I am sorry for the man who cannot find pleasure in reading the
appendix of THE AMERICAN ANGLER'S BOOK, by Thaddeus Norris; or the
discursive pages of Frank Forester's FISH AND FISHING; or the
introduction and notes of that unexcelled edition of Walton which
was made by the Reverend Doctor George W. Bethune; or SUPERIOR
FISHING and GAME FISH OF THE NORTH, by Mr. Robert B. Roosevelt; or
Henshall's BOOK OF THE BLACK BASS; or the admirable disgressions of
Mr. Henry P. Wells, in his FLY-RODS AND FLY-TACKLE, and THE AMERICAN
SALMON ANGLER. Dr. William C. Prime has never put his profound
knowledge of the art of angling into a manual of technical
instruction; but he has written of the delights of the sport in OWL
CREEK LETTERS, and in I GO A-FISHING, and in some of the chapters of
ALONG NEW ENGLAND ROADS and AMONG NEW ENGLAND HILLS, with a
persuasive skill that has created many new anglers, and made many
old ones grateful. It is a fitting coincidence of heredity that his
niece, Mrs. Annie Trumbull Slosson, is the author of the most tender
and pathetic of all angling stories, FISHIN' JIMMY.


But it is not only in books written altogether from his peculiar
point of view and to humour his harmless insanity, that the angler
may find pleasant reading about his favourite pastime. There are
excellent bits of fishing scattered all through the field of good
literature. It seems as if almost all the men who could write well
had a friendly feeling for the contemplative sport.

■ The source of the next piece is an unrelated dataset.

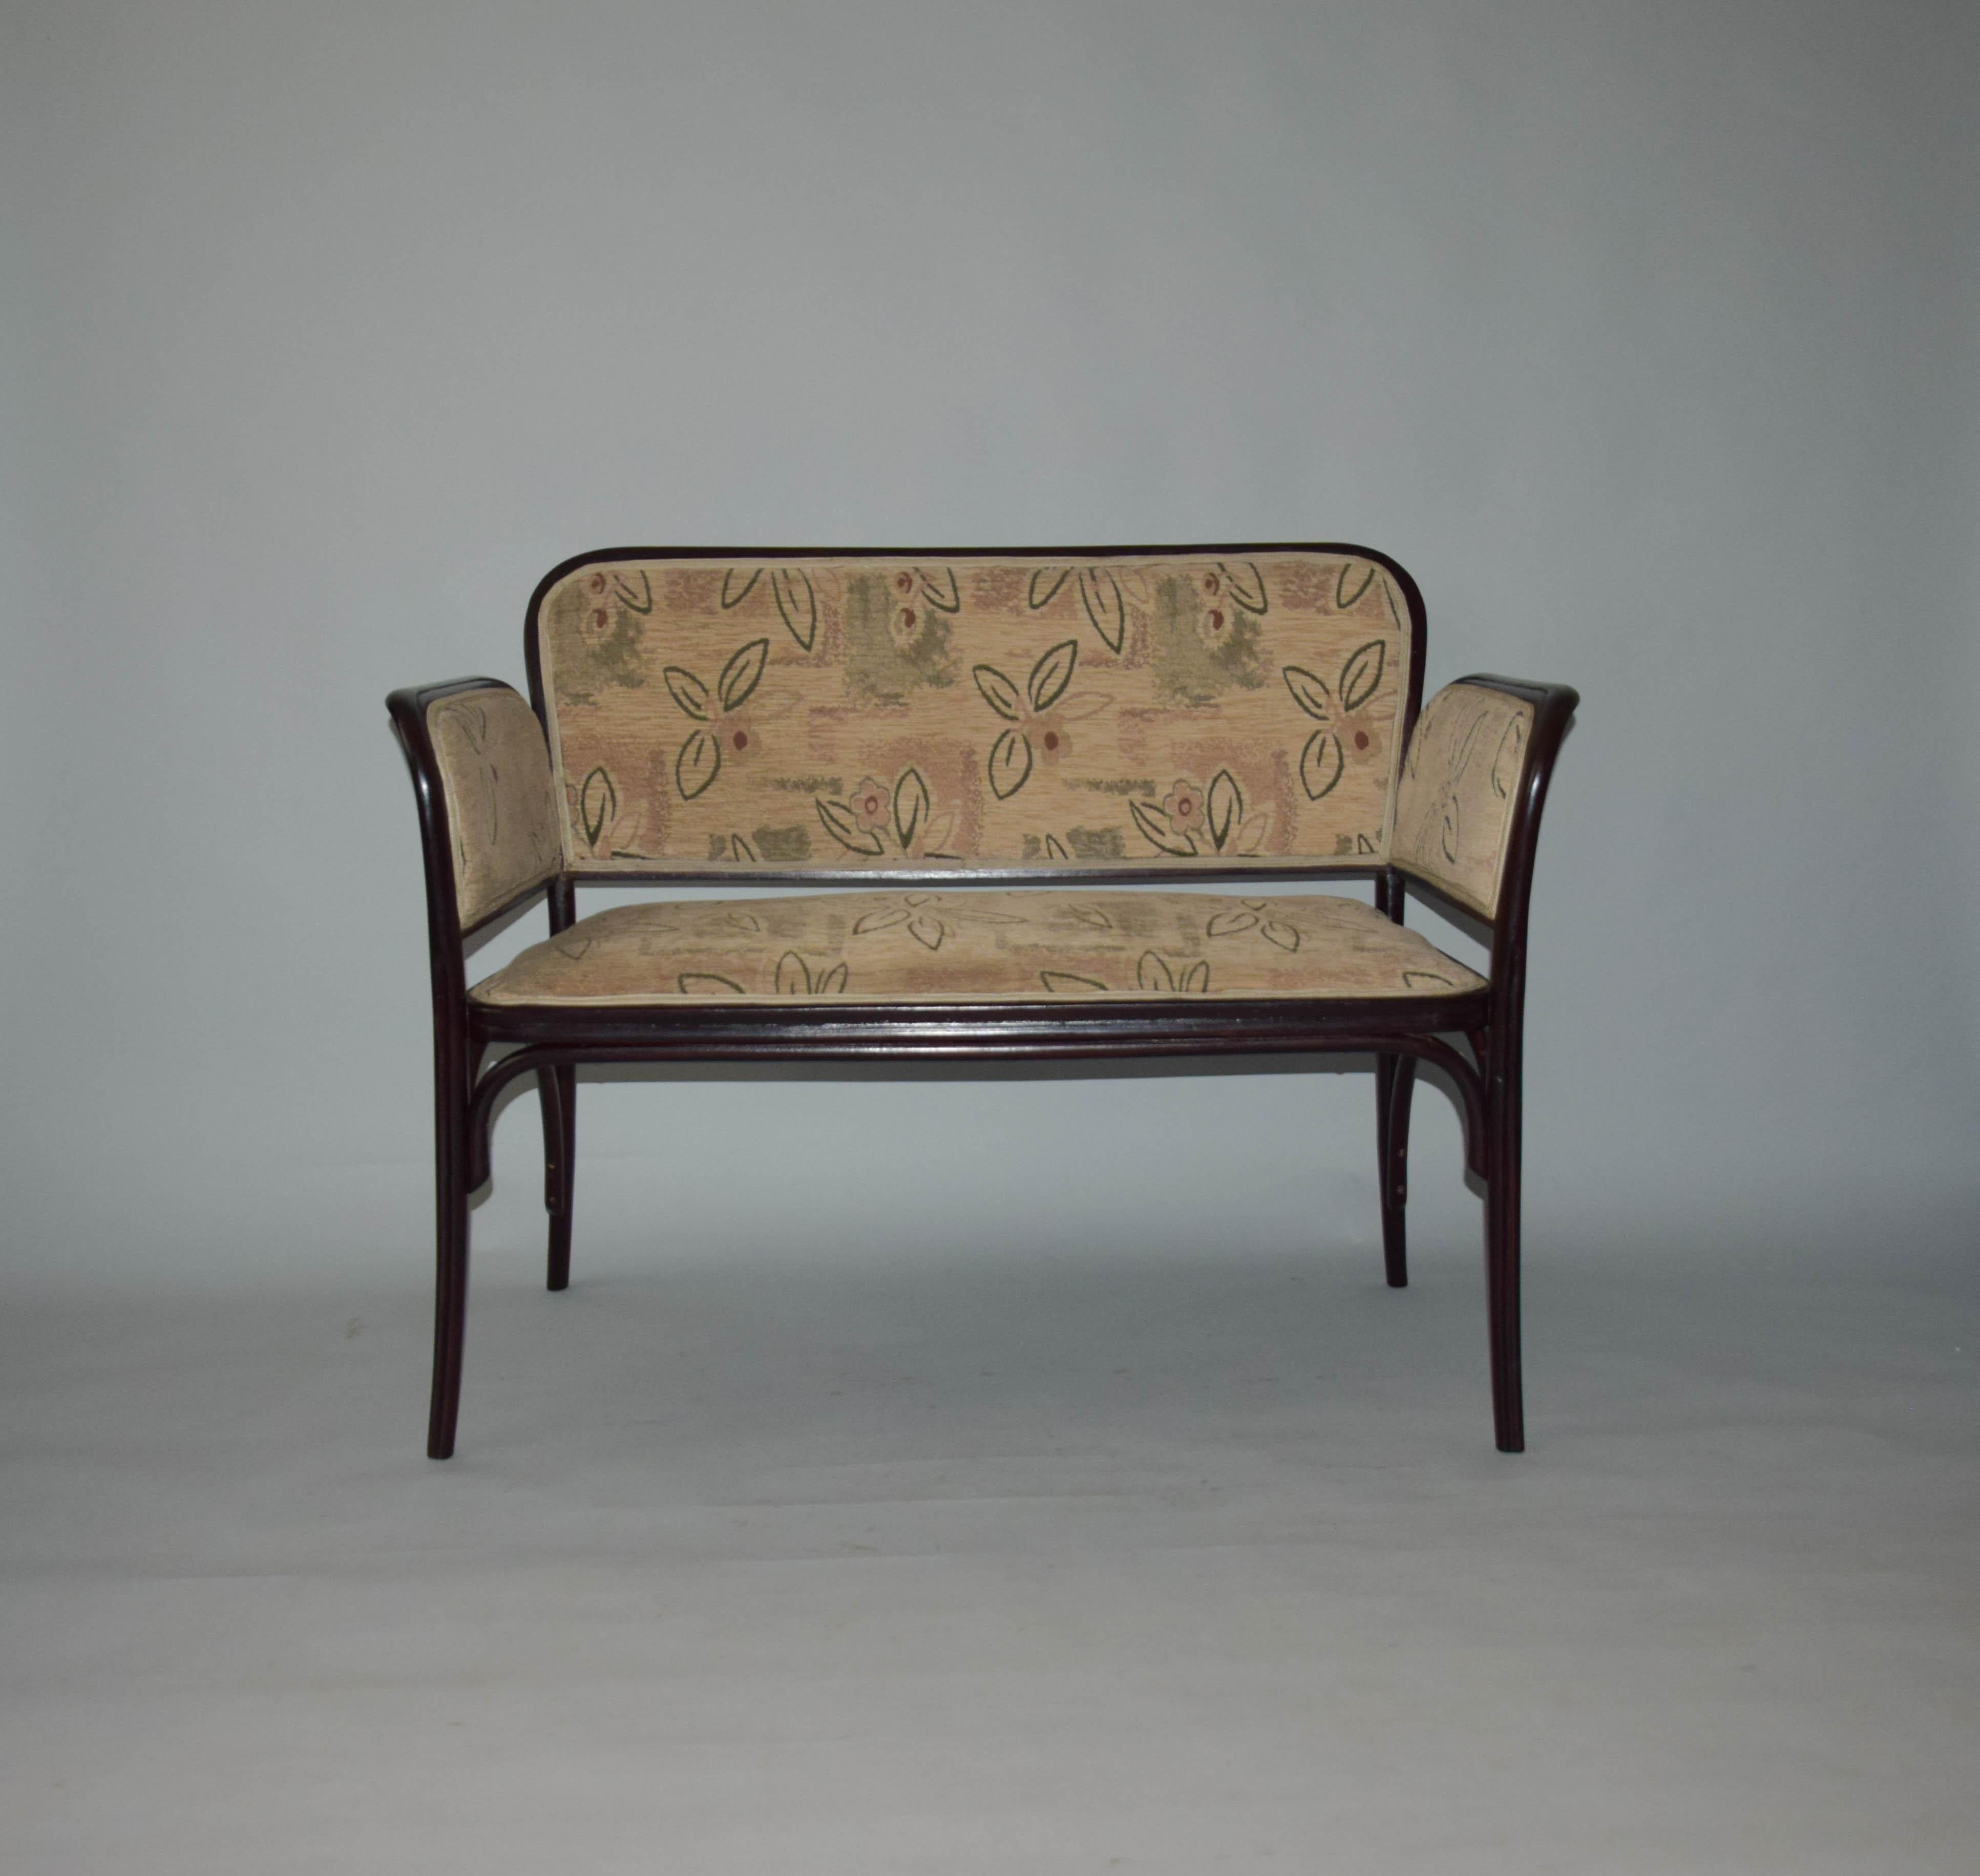 Upholstery Art Nouveau Seating Set by Otto Wagner for Thonet, 1910s For Sale

Plutarch, in THE LIVES OF THE NOBLE GRECIANS AND ROMANS, tells a
capital fish-story of the manner in which the Egyptian Cleopatra
fooled that far-famed Roman wight, Marc Antony, when they were
angling together on the Nile. As I recall it, from a perusal in
early boyhood, Antony was having very bad luck indeed; in fact he
had taken nothing, and was sadly put out about it. Cleopatra,
thinking to get a rise out of him, secretly told one of her
attendants to dive over the opposite side of the barge and fasten a
salt fish to the Roman general's hook. The attendant was much
pleased with this commission, and, having executed it, proceeded to
add a fine stroke of his own; for when he had made the fish fast on
the hook, he gave a great pull to the line and held on tightly.
Antony was much excited and began to haul violently at his tackle.

"By Jupiter!" he exclaimed, "it was long in coming, but I have a
colossal bite now."

"Have a care," said Cleopatra, laughing behind her sunshade, "or he
will drag you into the water. You must give him line when he pulls
hard."

"Not a denarius will I give!" rudely responded Antony. "I mean to
have this halibut or Hades!"

At this moment the man under the boat, being out of breath, let the
line go, and Antony, falling backward, drew up the salted herring.